Parks v. Dowell Div. of Dow Chemical Corp., 712 F.2d 154, 160 (5th
Cir.1983). Considering the record in this case, a jury award of
$300,000 for past and future pain and suffering does not seem
clearly erroneous, nor did the district court abuse its discretion
in denying Scurlock Marine a new trial. See Stokes, 894 F.2d at
769. Additionally, because the district court is in a better
position to evaluate the prejudice flowing from counsel's improper
comments during trial and to determine the most effective response
to ensure a fair trial, a new trial will not be granted, even if
15
counsel's remarks are improper, unless after considering the record
as a whole the court concludes that manifest injustice would result
from letting the verdict stand. Johnson v. Ford Motor Co., 988
F.2d 573, 582 (5th Cir.1993). Because Gautreaux's counsel asked
only a single question, to which Archie Scurlock responded in the
negative and about which no further comment was made, substantial
prejudice was not caused Scurlock and a new trial was not
necessary.
D. Limitation of liability
The district court denied Scurlock limitation, finding that
the evidence established that Scurlock, the vessel owner,
negligently failed to train Gautreaux in the proper operation of
the electric winch and that this failure in part caused Gautreaux's
injuries. Further, the district court indicated that Scurlock was
accountable for the actions of its managing officer and owner,
Archie Scurlock, who failed to properly train Gautreaux.
The liability of the owner of a vessel for any loss or injury
involving the vessel can be limited to the value of the vessel and
its freight, provided the loss occurred without the vessel owner's
"privity or knowledge." 46 U.S.C.App. § 183(a). The vessel owner
seeking limitation bears the burden of proving its lack of privity
or knowledge of the injury-causing conduct or condition. Cupit v.
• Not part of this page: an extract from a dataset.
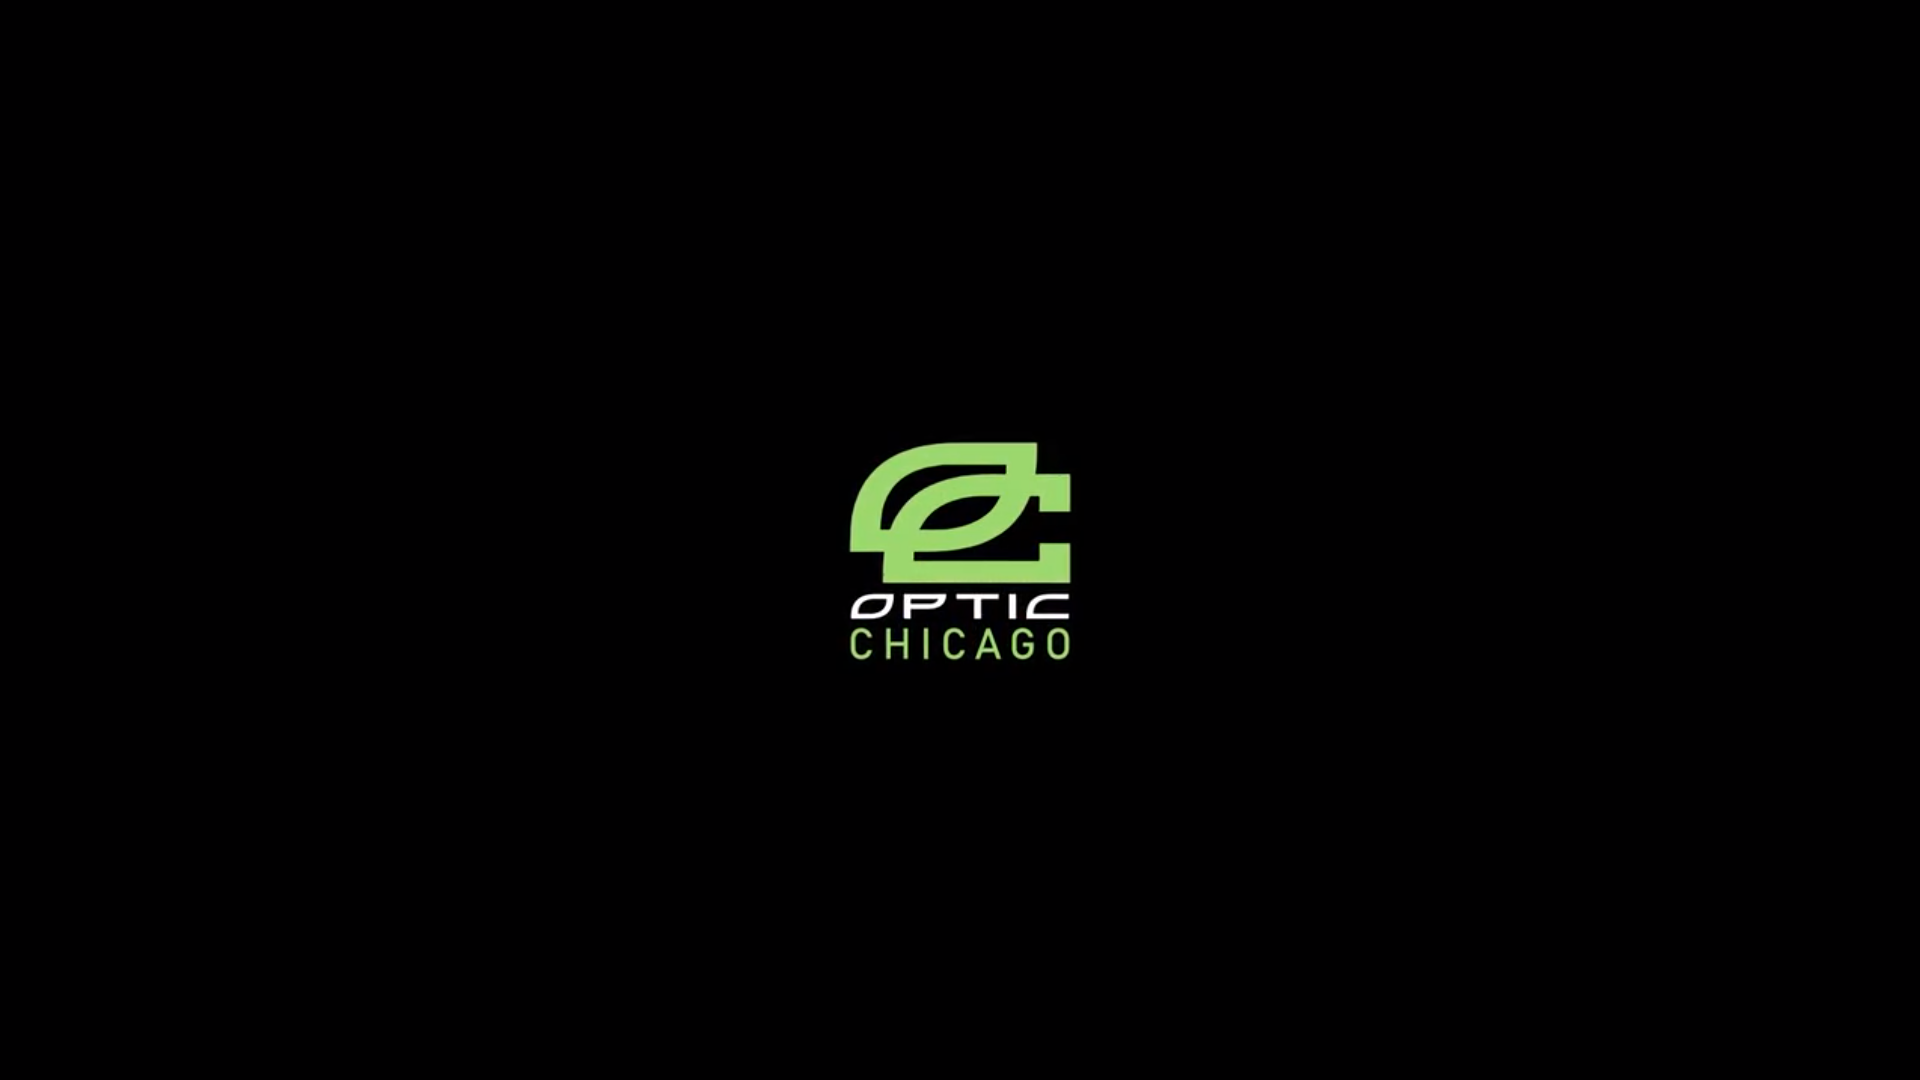 OpTic Chicago officially confirmed for CDL 2021
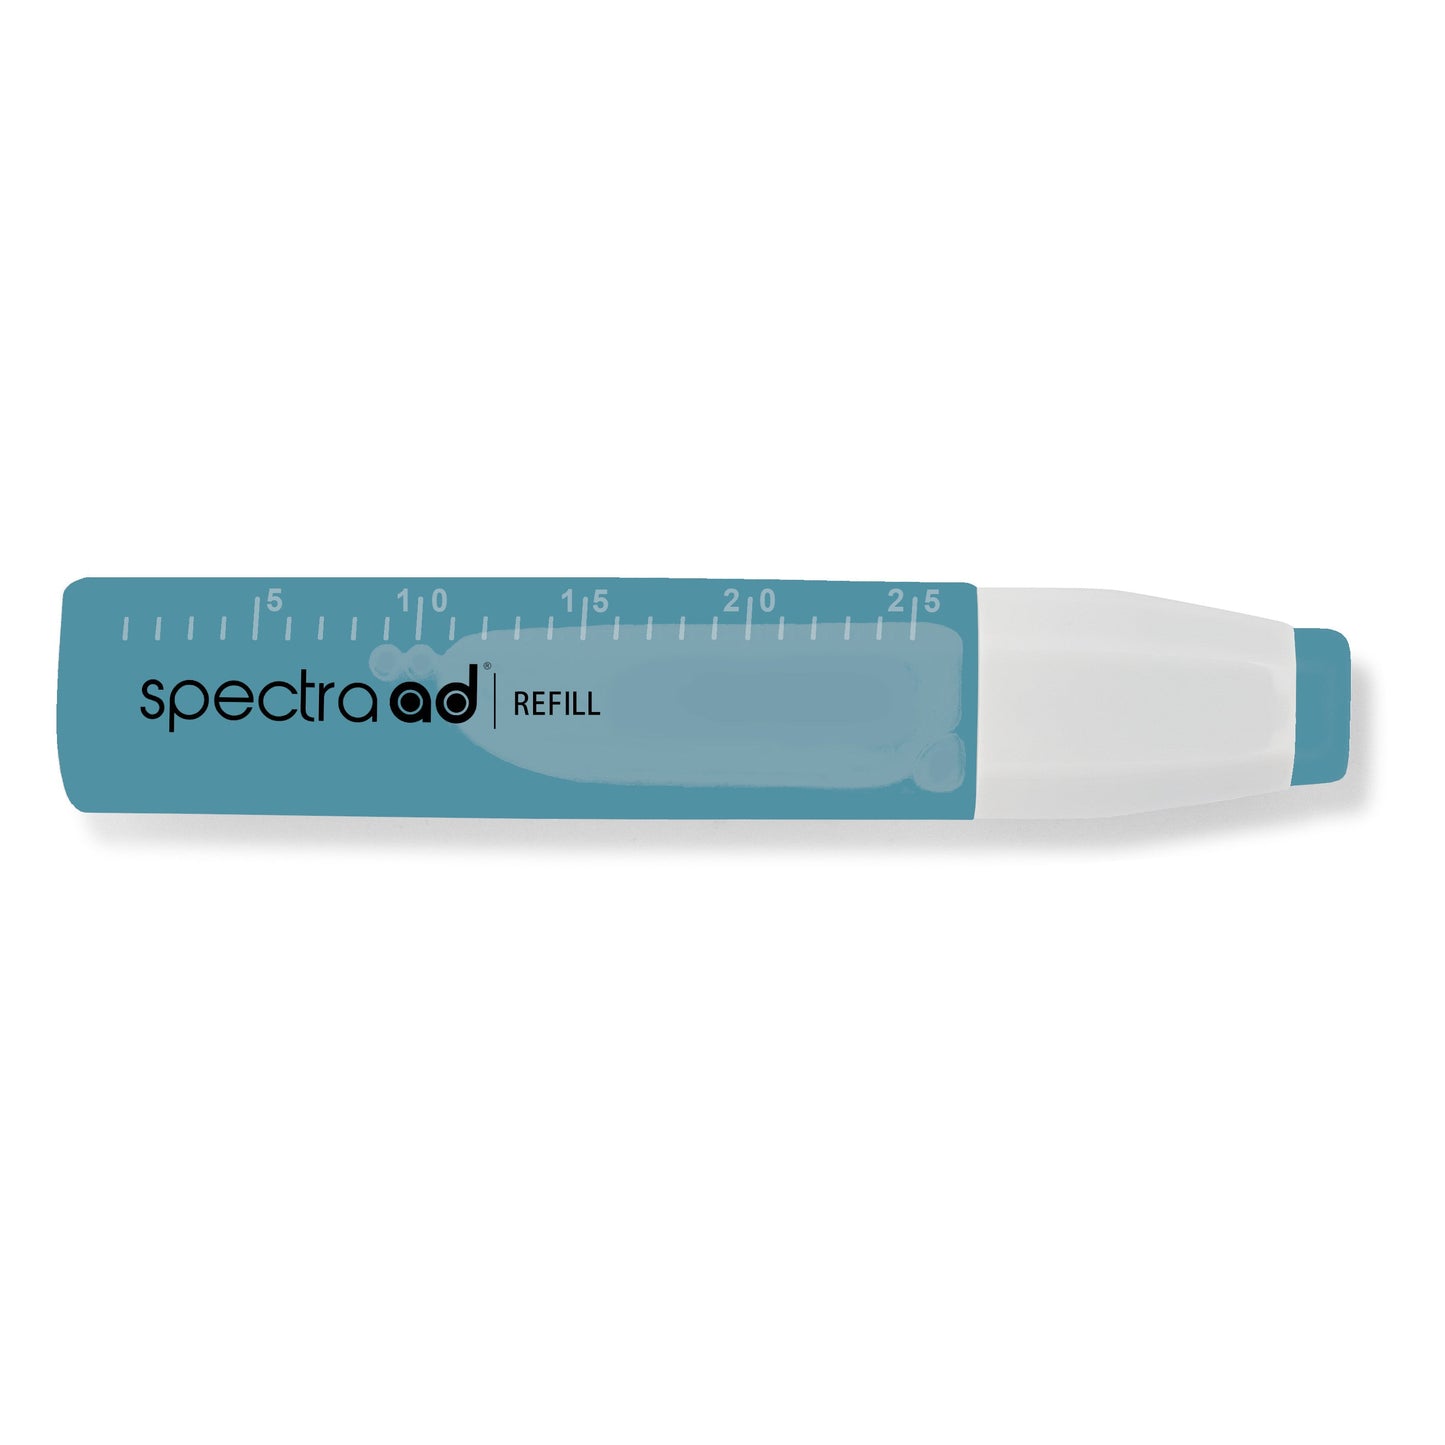 017 - Teal Green - Spectra AD Refill Bottle

McClanahan Contractors, Inc., 1 F.3d 346, 348 (5th Cir.1993), cert.
denied, --- U.S. ----, 114 S.Ct. 1058, 127 L.Ed.2d 378 (1994);
Verdin v. C & B Boat Co., 860 F.2d 150, 156 (5th Cir.1988). For
the purposes of limitation, a vessel owner's privity may arise if
16
it personally participates in the negligent conduct that produces
the injury, Pennzoil Producing Co. v. Offshore Express, Inc., 943
F.2d 1465, 1473 (5th Cir.1991), and a corporate vessel owner is
charged with the privity or knowledge of its managing officers
whose scope of authority includes supervision of that part of the
business out of which the loss occurred, Brunet v. United Gas
Pipeline Co., 15 F.3d 500, 504 (5th Cir.1994); Cupit, 1 F.3d at
348; Patton-Tully Transp. Co. v. Ratliff (In re Complaint of
Patton-Tully Transp. Co.), 797 F.2d 206, 211 (5th Cir.1986). "In
the limitation of liability context, the district court's findings
about negligence, unseaworthiness, privity, and knowledge are
considered on appeal to be factual findings subject to review under
the clearly erroneous standard." Self v. Great Lakes Dredge & Dock
Co., 832 F.2d 1540, 1557 (11th Cir.1987), cert. denied, 486 U.S.
1033, 108 S.Ct. 2017, 100 L.Ed.2d 604 (1988). See also Farrell
Lines Inc. v. Jones, 530 F.2d 7 (5th Cir.1976). The district court
did not err in finding that Scurlock was not entitled to limit its
liability.
III. CONCLUSION
Based on the foregoing discussion, the district court's
judgment is, in all aspects, AFFIRMED.